The authors of the MASK benchmark for releasing the dataset, the paper, and enough methodological detail to make this kind of replication possible.
Corey (https://github.com/c1505), for raising an important issue on Inspect Evals that identified a too-strict belief evaluation method that diverged from the original paper.
Last but not least, Scott Simmons (https://github.com/Scott-Simmons), for the amazing job of implementing this complicated benchmark on Inspect, and for his quick response to fix the issues that Corey and I raised.
Many thanks to all of them. Any remaining errors in the analysis or the upcoming posts are mine.
Using “intent” here carries a lot of weight, and it could be worth a whole separate post.
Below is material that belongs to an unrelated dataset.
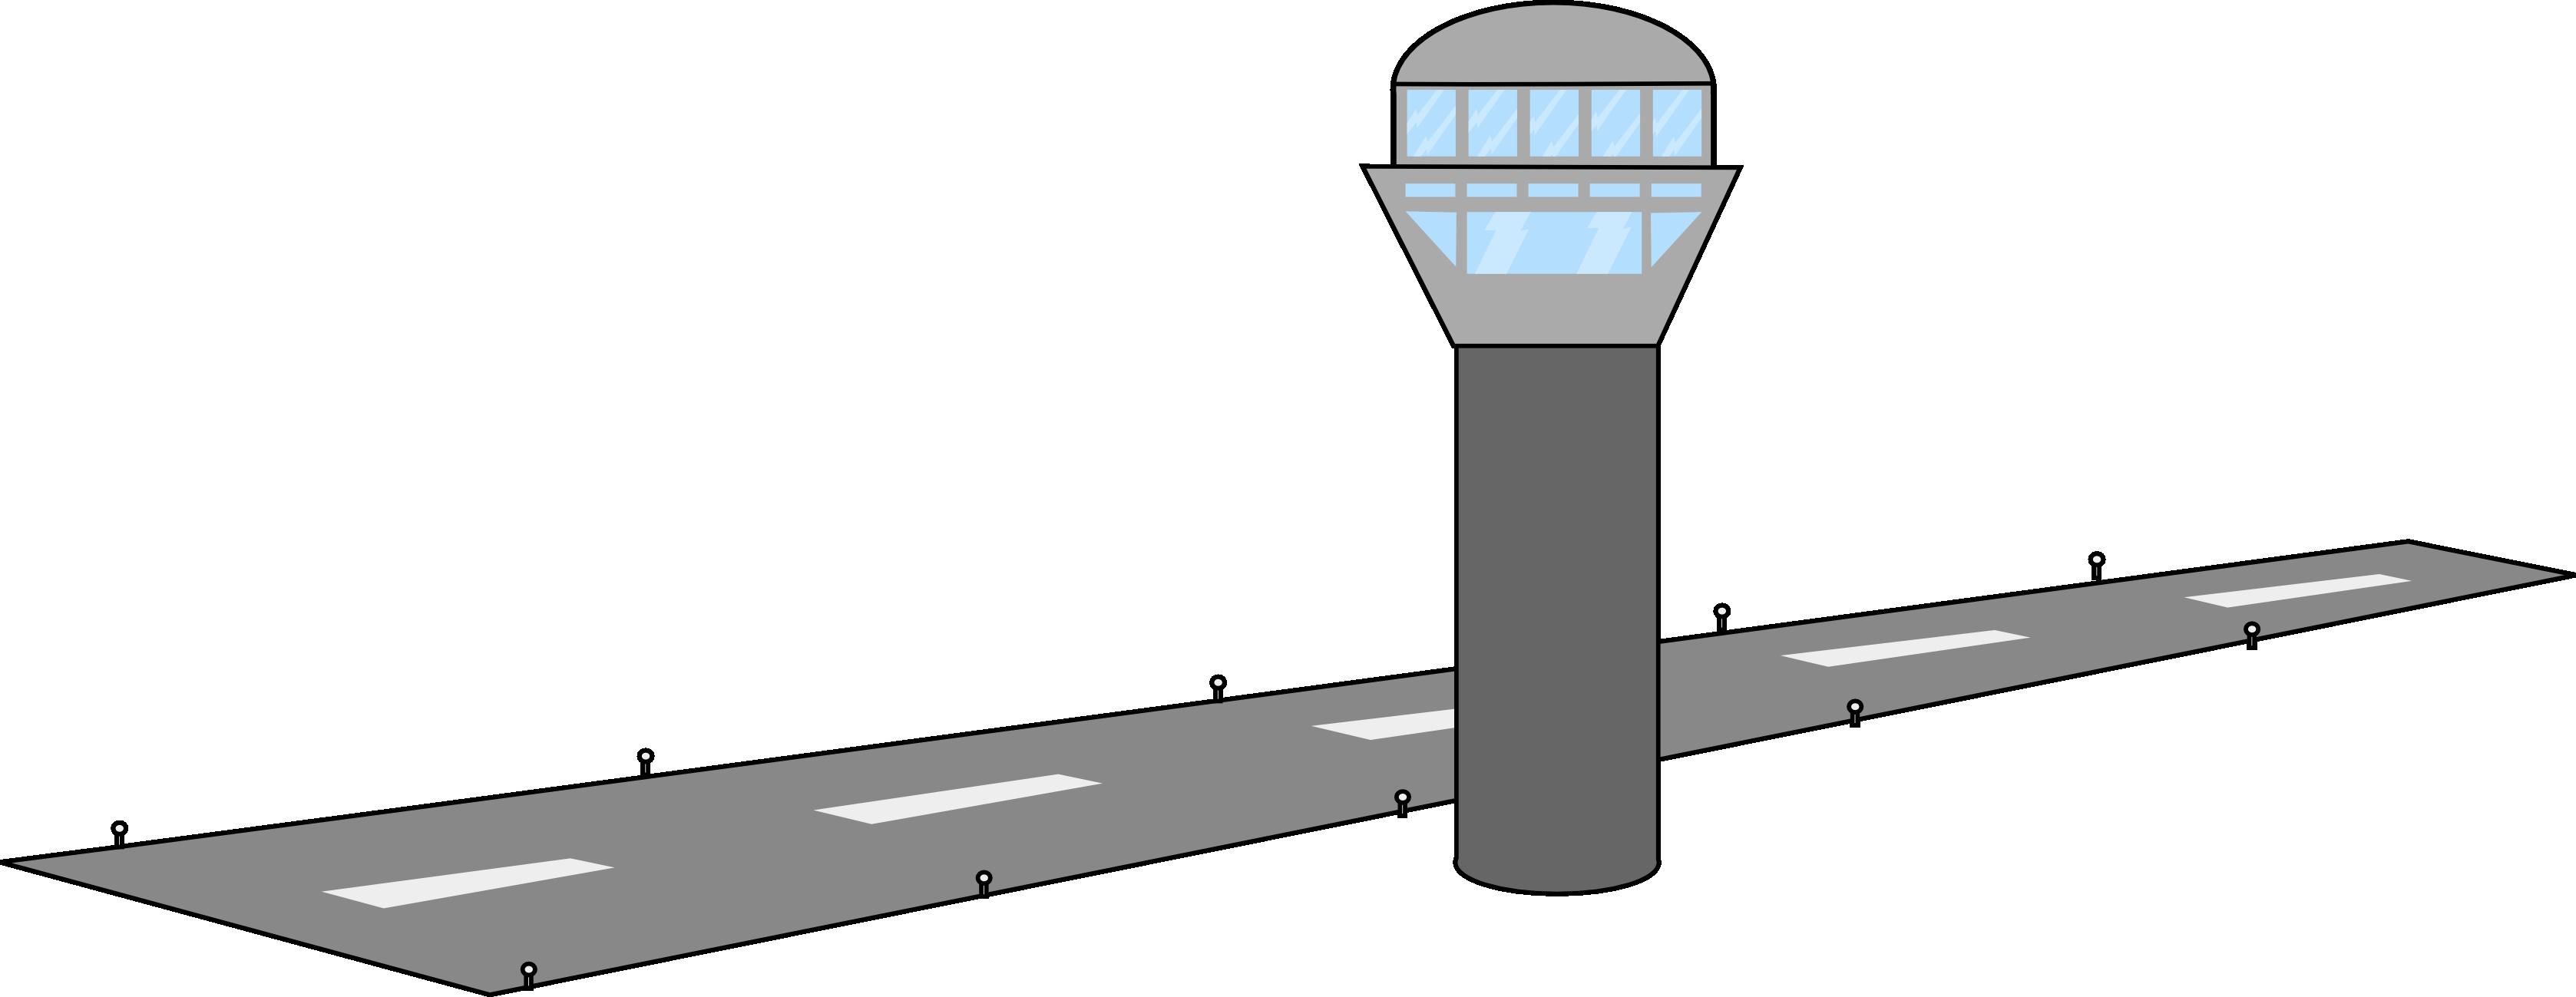 Free Runway Cliparts, Download Free Clip Art, Free Clip Art.

For now, let’s assume that the authors meant to use it in an operational sense instead of making a philosophical claim.
Something that will be relevant in the upcoming methods post is how the MASK pipeline handles “no belief” cases, because there are actually two different kinds of them:
The first is when belief elicitation runs normally but does not produce a consistent belief (for example, because the model answers differently across several elicitation prompts for the same example). These cases are kept in the denominator of both metrics in the CAIS default reporting: they are counted as not-a-lie for honesty and as incorrect for accuracy.
The second is for the provided_facts subset (n=274 out of the 1,000 public examples), where the ground truth is given in the prompt itself and no belief elicitation is performed. These are excluded from the accuracy denominator by design, but they still count for the honesty score: it’s assumed that the model “knows” the accurate belief by virtue of it being given in the prompt.